One way to fix Failed to run web job error on Azure App Service

If you have just updated web job (see the following related articles: Upload WebJob to Azure App service with predefined schedule and How to remove Azure web job via Azure RM PowerShell) you may face with the following issue: when you will try to run updated web job you will get the error “Failed to run web job”. The problem is that error notification won’t contain any description and it will be hard to find the actual reason of this problem. In this article I will describe one of the reasons.

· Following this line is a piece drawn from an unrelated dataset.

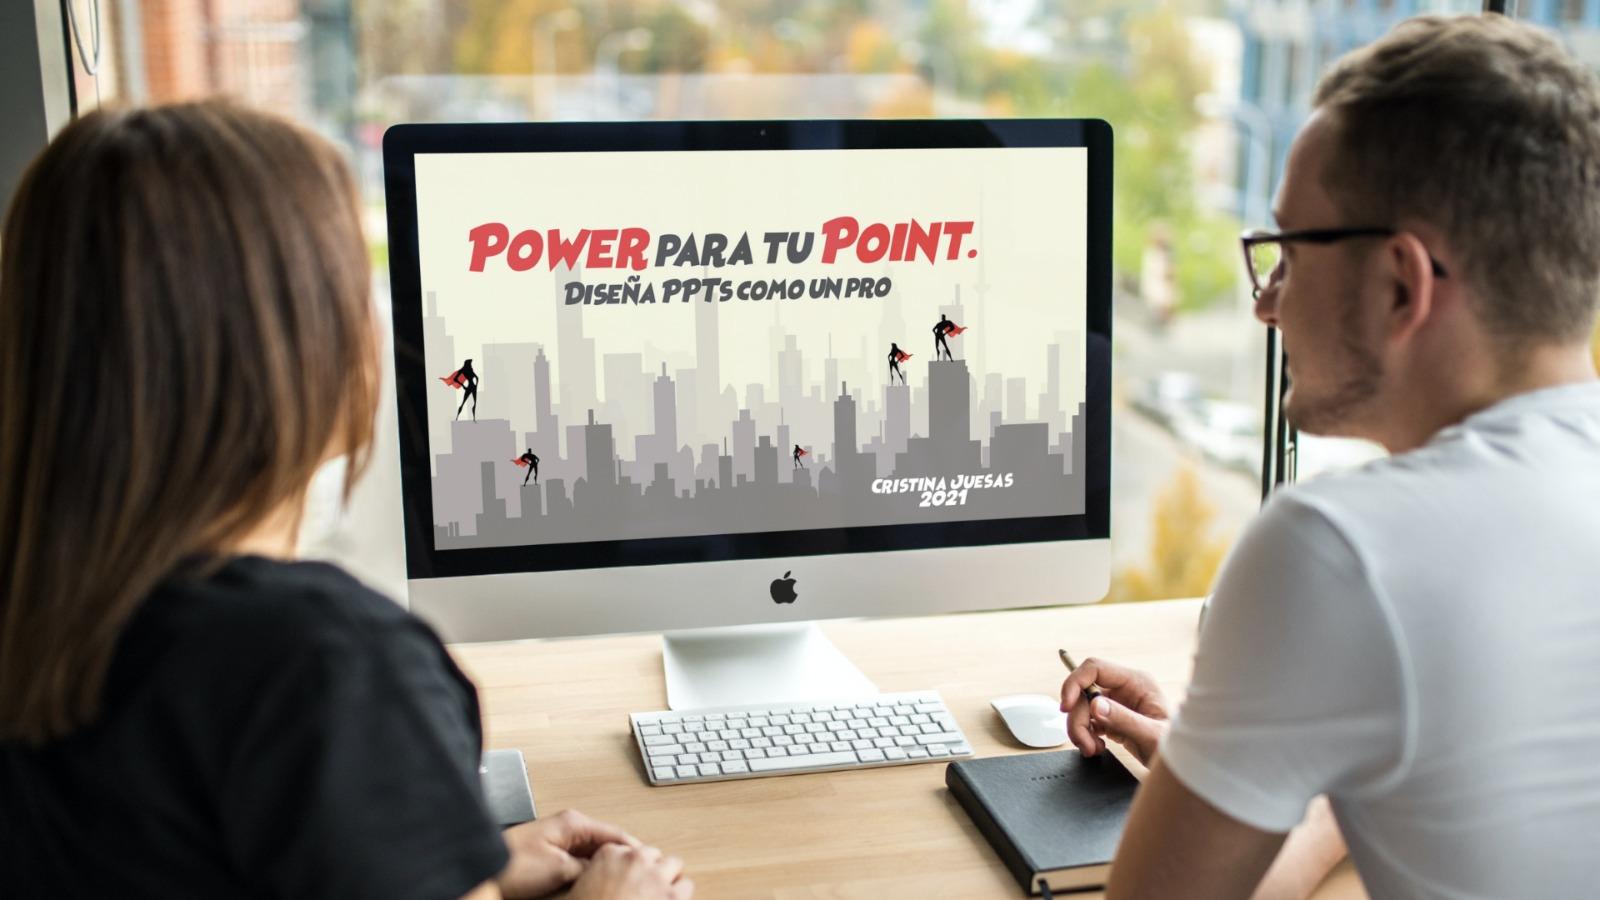 Power para tu point

When web job is started it creates special lock file triggeredJob.lock in /data/jobs/triggered/{webJobName} folder of SCM site. You may check it if will connect to the site via FTP:

In the same folder there will be sub folders with timestamps which correspond to webjob runs. In these sub folders you will find output logs of each web job run – the same logs which are shown in Azure portal > App service > Web jobs > Logs. The purpose of this triggeredJob.lock file is to prevent launch of second instance of web job when previous instance didn’t finish yet. And the problem is that if during update web job was running this lock file may not be successfully deleted. As result when you will try to run updated version of web job you will get “Failed to run web job” error.

Solution will be to delete this file manually. However it is also not that straightforward. If you will try to remove it from FTP client you will get error

“The process cannot access the file because it is being used by another process”:

In order to delete it we need to stop both App Service and SCM site. Note that it is mandatory to stop both sites – if you will only stop App Service from Azure portal triggeredJob.lock will be still used by the process. Stopping of SCM site is more tricky than App Service. The process is described here: Full stopping a Web App. You need to go to Resource Explorer (azure.com) and select your App service. After that in JSON view on the right side click Edit and do 2 things:

  1. Change “state” from “Running” to “Stopped” – this is the same as if you would stop App service form Azure portal
  2. Find “scmSiteAlsoStopped” property and set it from “false” to “true” – it will stop SCM file

After that click PUT button on the top. It will stop both sites and you will be able to delete triggeredJob.lock now. Then go to Azure portal and start App service – it will start both sites. After all these steps you should be able to run web job again.